Several attempts at contacting the FPD's party headquarters in Timiocato were unsuccessful. The party has repeatedly stated before that it repudiates "any and all actions" taken by the Sorantanali government or Mr Sorantanali himself, but as the party was in power at the time of the alleged ad program, Dr Alvarez-Chamurro says "a simple statement might not do enough to limit the potential fallout" from this emerging scandal.
Constantino Sorantanali was prime minister from January to August 2006, leaving office in disgrace after several unpopular decisions and after admitting to hiring a hitman to carry out the murder of his political rival, Rabastano Sancatto Serra. Mr Sancatto Serra was highly popular and had been serving as the prime minister's Agustinate of International Relations until shortly before the assassination took place.
Mr Sorantanali was stripped of his honours and placed on trial for treason and murder, where he was found guilty and subsequently sentenced to death in 2007. He was then executed in February of this year just before the death penalty was fully abolished in Pacitalia.
Dr Alvarez-Chamurro says the first real test for the FPD will be regional elections for the 16 apertural and 96 departmental councils on 12th October.

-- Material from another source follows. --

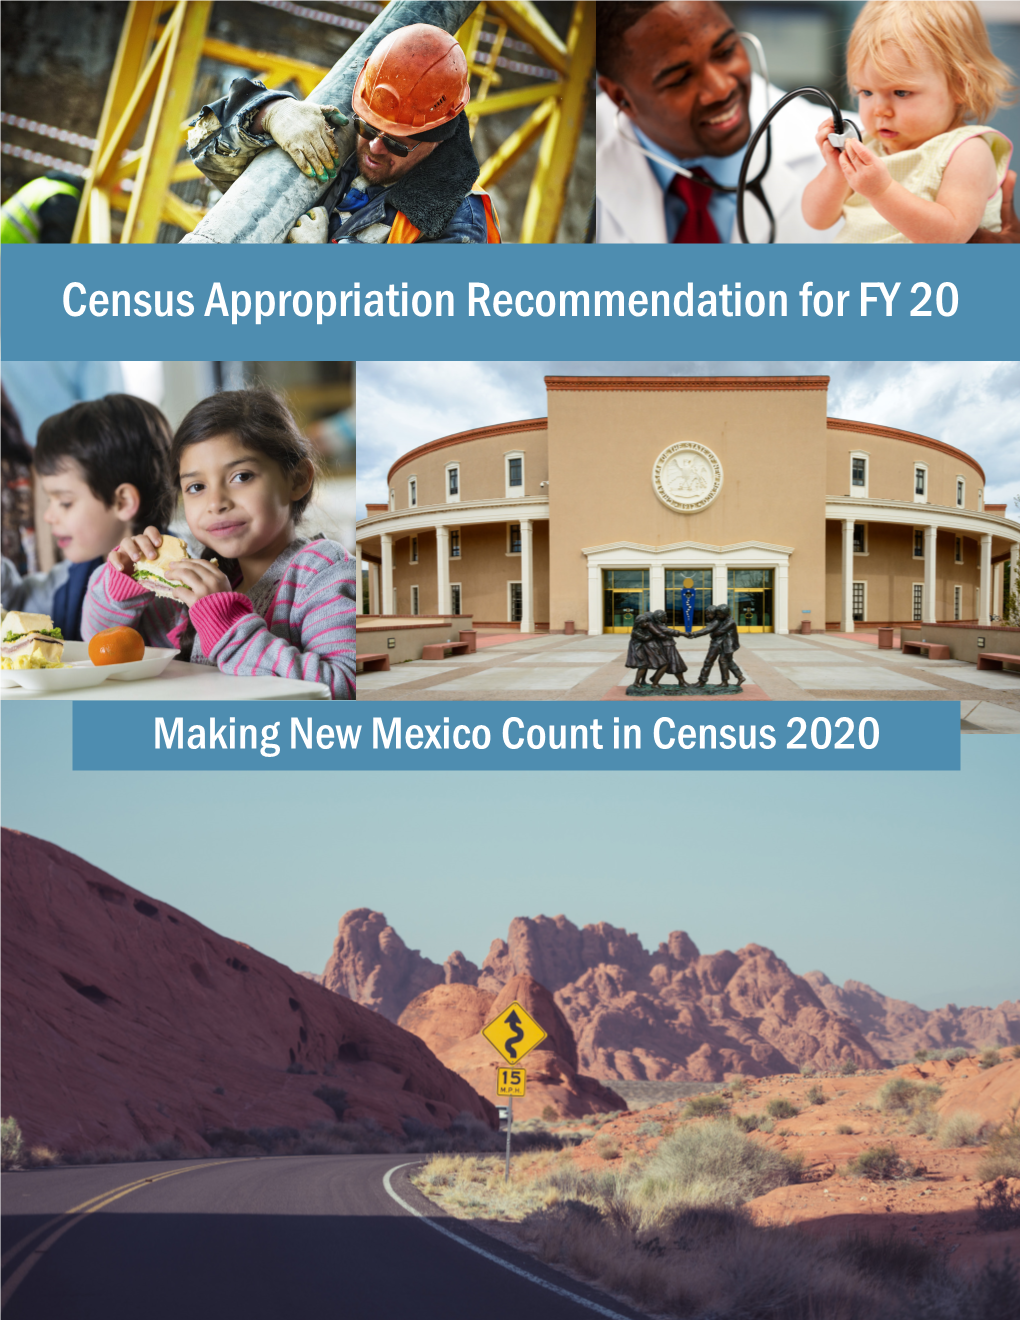 Census Appropriation Recommendation for FY 20
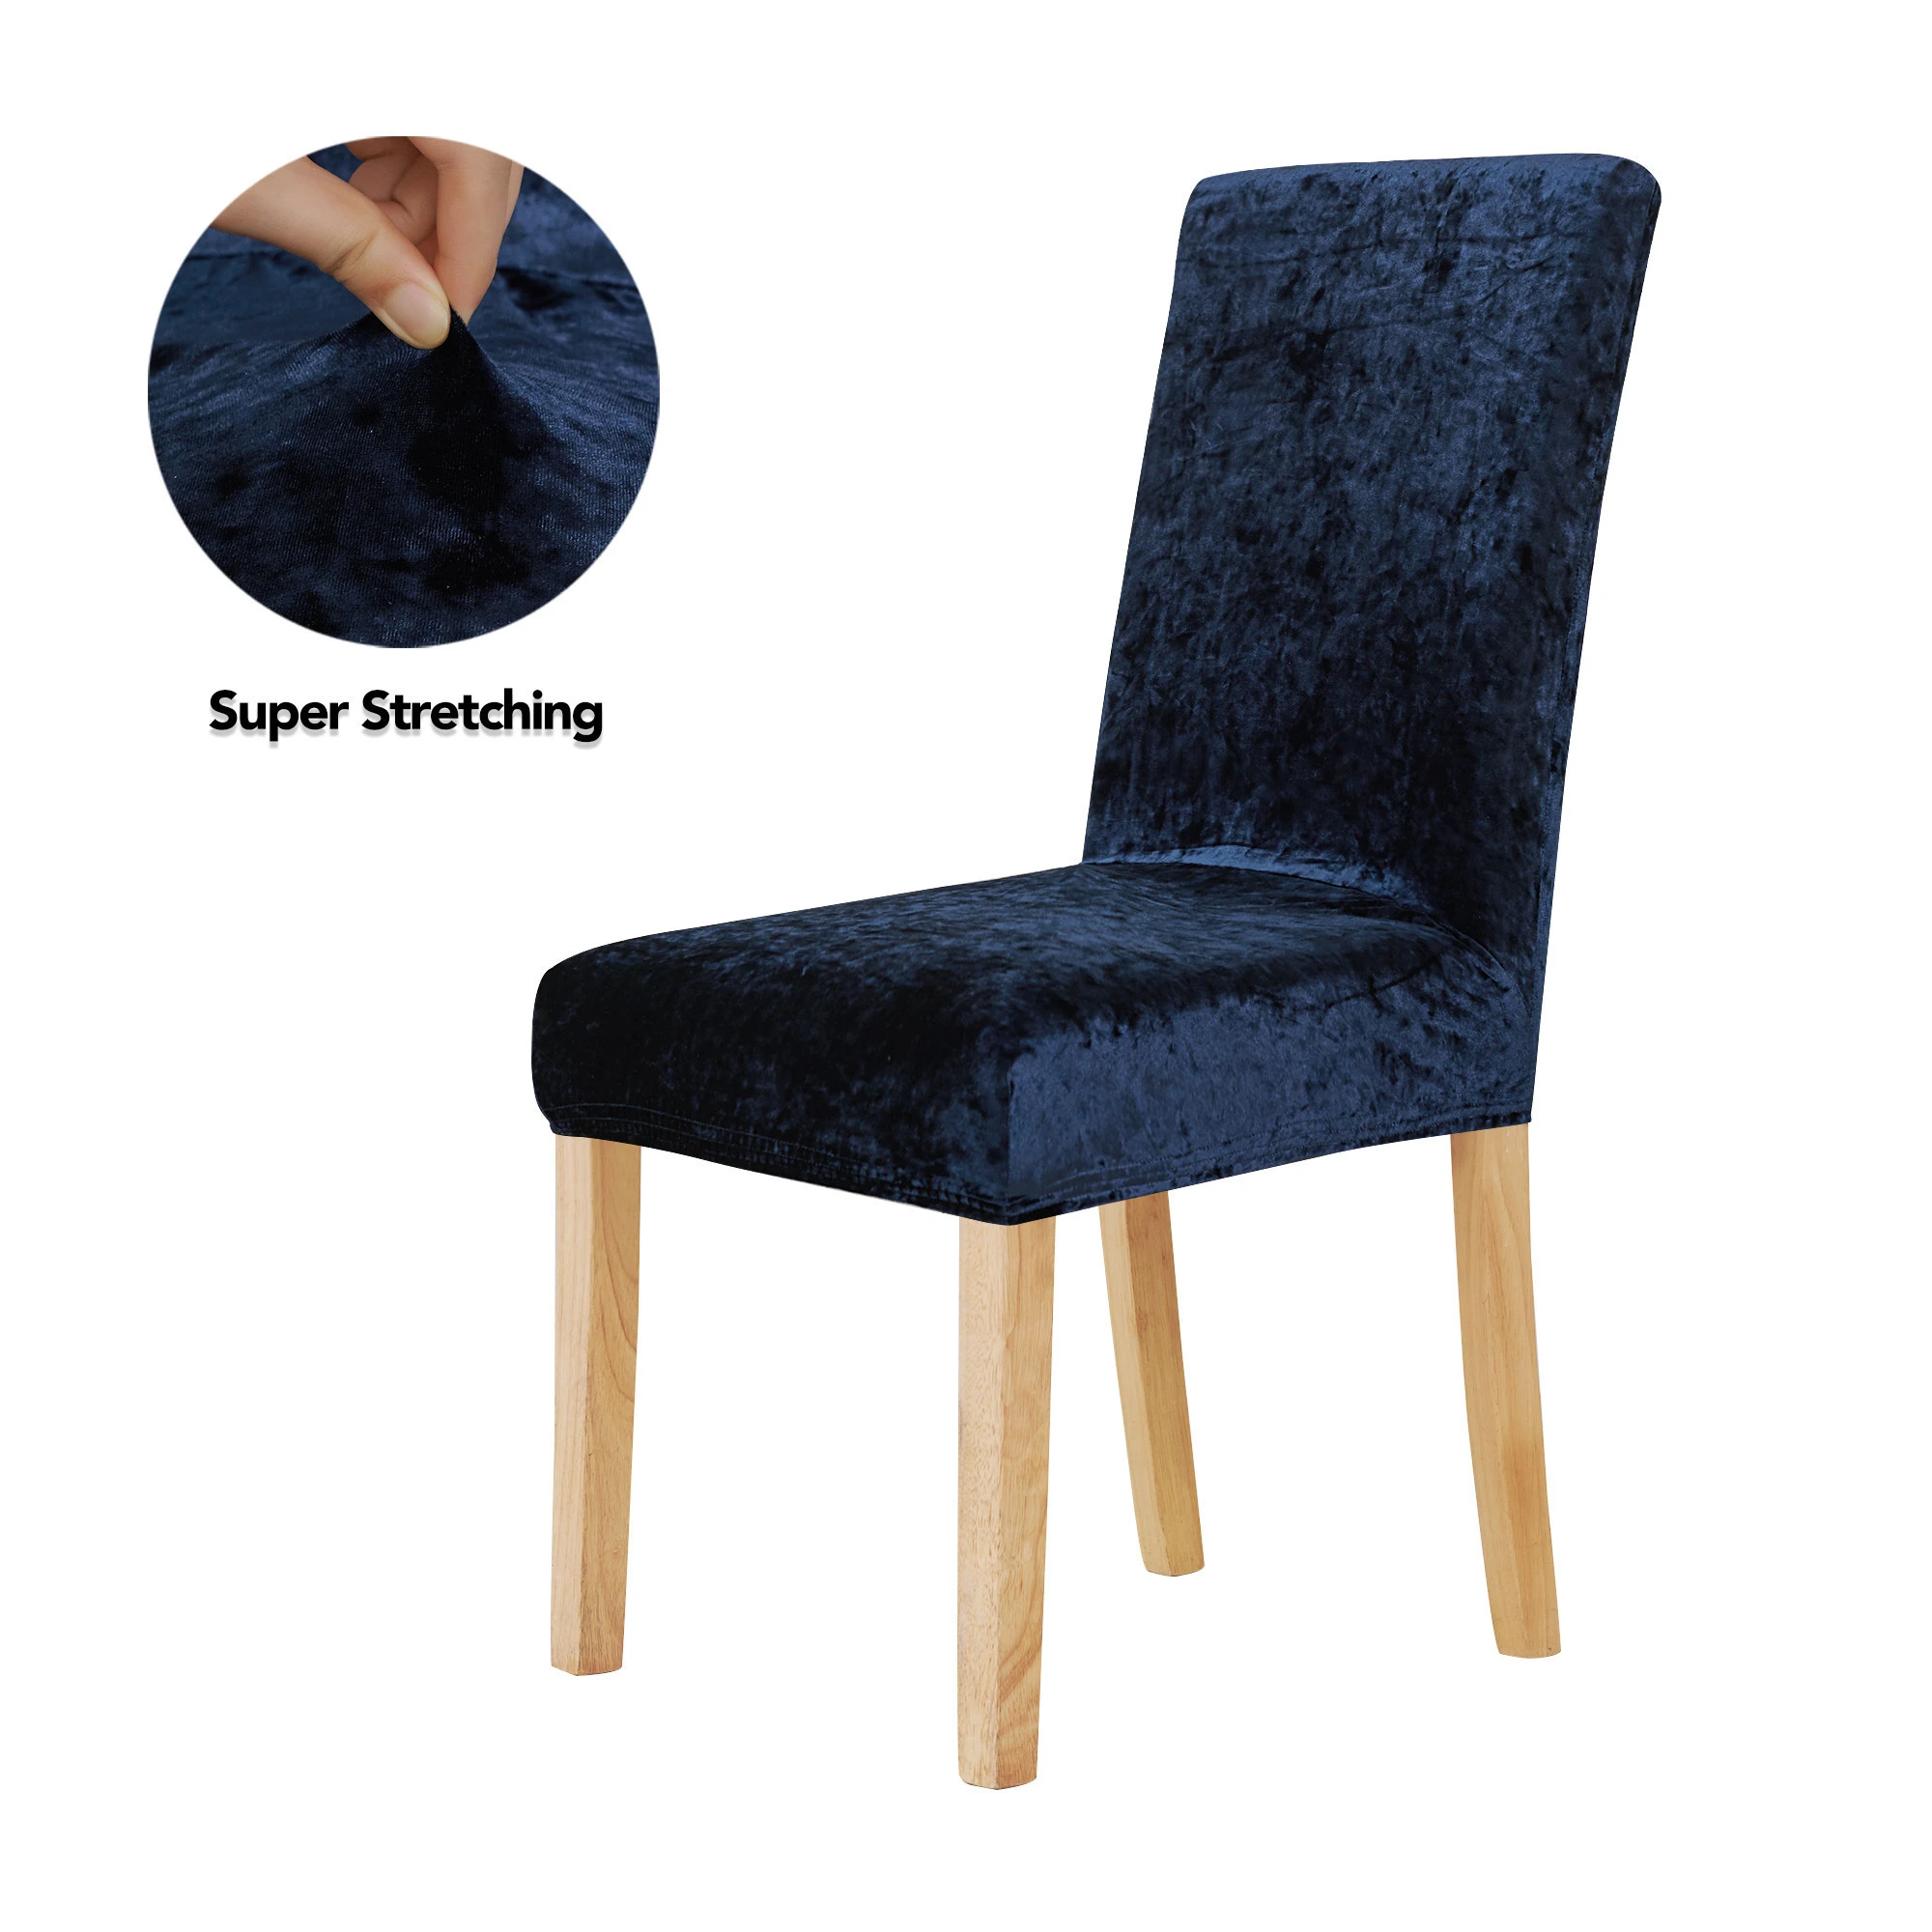 Cheap Navy Blue Polyester Spandex Stretch Chair Cover for Home Event Office Outdoor Chair Covers for Plastic Chair

"If the party performs well," he says, "it will indicate that people don't really care about a scandal originating from a government that was already highly unpopular and that they do differentiate between today's FPD and that of the Sorantanali era."
But, he argued, "on the other side of the coin, if the party does see a decrease in support in opinion polls heading into the regional elections and then poor results on the day of the vote," they will have "deep cause for concern heading into the main event."
After the regional elections in October, parliamentary elections, which will decide the makeup of the next national government, are scheduled for 24th November.